Yes it does. A list comprehension *always* creates a list. In
this case it will be a list of None, since that is what list.append()
returns. See this:
>>> new=[]
>>> s="This is a foolish use of list comprehensions"
>>> [ new.append(c) for c in s if c not in new ]
[None, None, None, None, None, None, None, None, None, None, None,
None, None, None, None, None, None]

Yes, you do get a correct result in 'new', but you *also* create
a 17 long list with all elements set to None, that is immediately
thrown away.
 
J

John Salerno

I posted this code last night in response to another thread, and after I
posted it I got to wondering if I had misused the list comprehension. Here's
the two examples:

Example 1:
--------------------
def compress(s):
new = []

for c in s:
if c not in new:
new.append(c)
return ''.join(new)
----------------------

Example 2:
------------------------
def compress(s):
new = []
[new.append(c) for c in s if c not in new]
return ''.join(new)
--------------------------

In example 1, the intention to make an in-place change is explicit, and it's
being used as everyone expects it to be used. In example 2, however, I began
to think this might be an abuse of list comprehensions, because I'm not
assigning the result to anything (nor am I even using the result in any
way).

What does everyone think about this? Should list comprehensions be used this
way, or should they only be used to actually create a new list that will
then be assigned to a variable/returned/etc.?
 
D

Diez B. Roggisch

John said:
I posted this code last night in response to another thread, and after I
posted it I got to wondering if I had misused the list comprehension.
Here's the two examples:

Example 1:
--------------------
def compress(s):
new = []

for c in s:
if c not in new:
new.append(c)
return ''.join(new)
----------------------

Example 2:
------------------------
def compress(s):
new = []
[new.append(c) for c in s if c not in new]
return ''.join(new)
--------------------------

In example 1, the intention to make an in-place change is explicit, and
it's being used as everyone expects it to be used. In example 2, however,
I began to think this might be an abuse of list comprehensions, because
I'm not assigning the result to anything (nor am I even using the result
in any way).
What does everyone think about this? Should list comprehensions be used
this way, or should they only be used to actually create a new list that
will then be assigned to a variable/returned/etc.?

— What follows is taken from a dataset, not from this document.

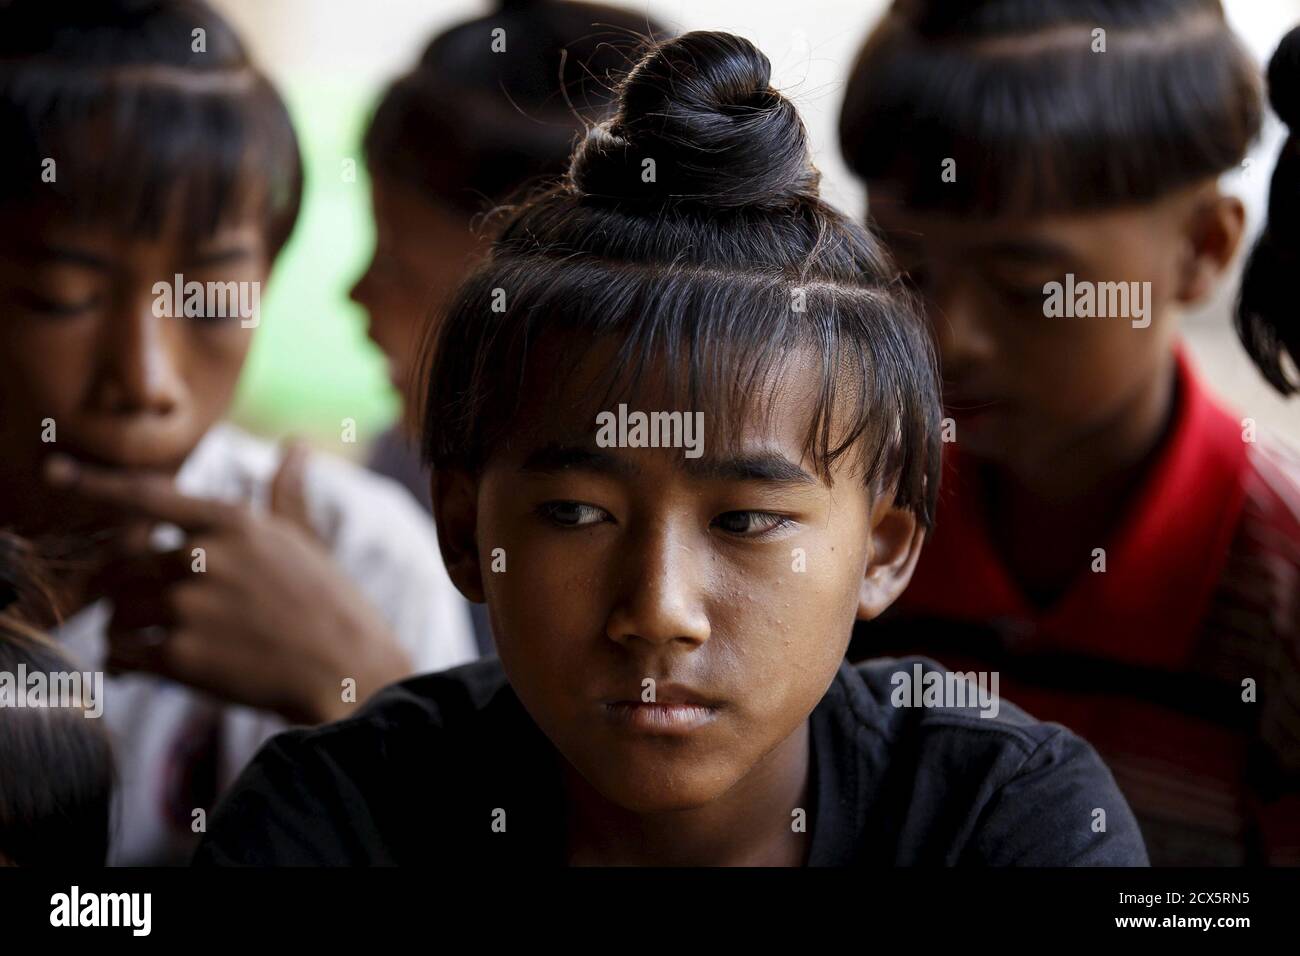 Zaw Myo Aung (C), 13, sits with others boys who all sport the ancient  hairstyle known as Sanyitwine in a monastery at Sat Sat Yo village in  Nyaung Oo township, near Myanmar's

the above code is pretty much of a no-no because it has quadratic runtime
behavior.

That being said, I use that idiom myself. But I don't see anything wrong
with using a list-comp as loop-abbreviation. because that is it's actual
purpose. And also it is common in non-functional languages that l-values
aren't always assigned, if the aren't needed. It's the consequence of
having side-effects in a language - and python has them.

Diez
 
B

bearophileHUGS

John Salerno:
What does everyone think about this?

The Example 2 builds a list, that is then thrown away. It's just a
waste of memory (and time).

Bye,
bearophile
 
D

Diez B. Roggisch

John Salerno:

The Example 2 builds a list, that is then thrown away. It's just a
waste of memory (and time).

No, it doesn't. It uses append because it refers to itself in the
if-expression. So the append(c) is needed - and thus the assignment
possible but essentially useless.

Diez
 
B

Bruno Desthuilliers

John Salerno a écrit :
I posted this code last night in response to another thread, and after I
posted it I got to wondering if I had misused the list comprehension.
(snip)
def compress(s):
new = []
[new.append(c) for c in s if c not in new]
return ''.join(new)

As far as I'm concerned (and I'm a big fan of list-comps, generator
expressions etc), this is definitively an abuse. And a waste of
resources since it builds a useless list of 'None'.
 
H

Hrvoje Niksic

Diez B. Roggisch said:
No, it doesn't.

This line:

[new.append(c) for c in s if c not in new]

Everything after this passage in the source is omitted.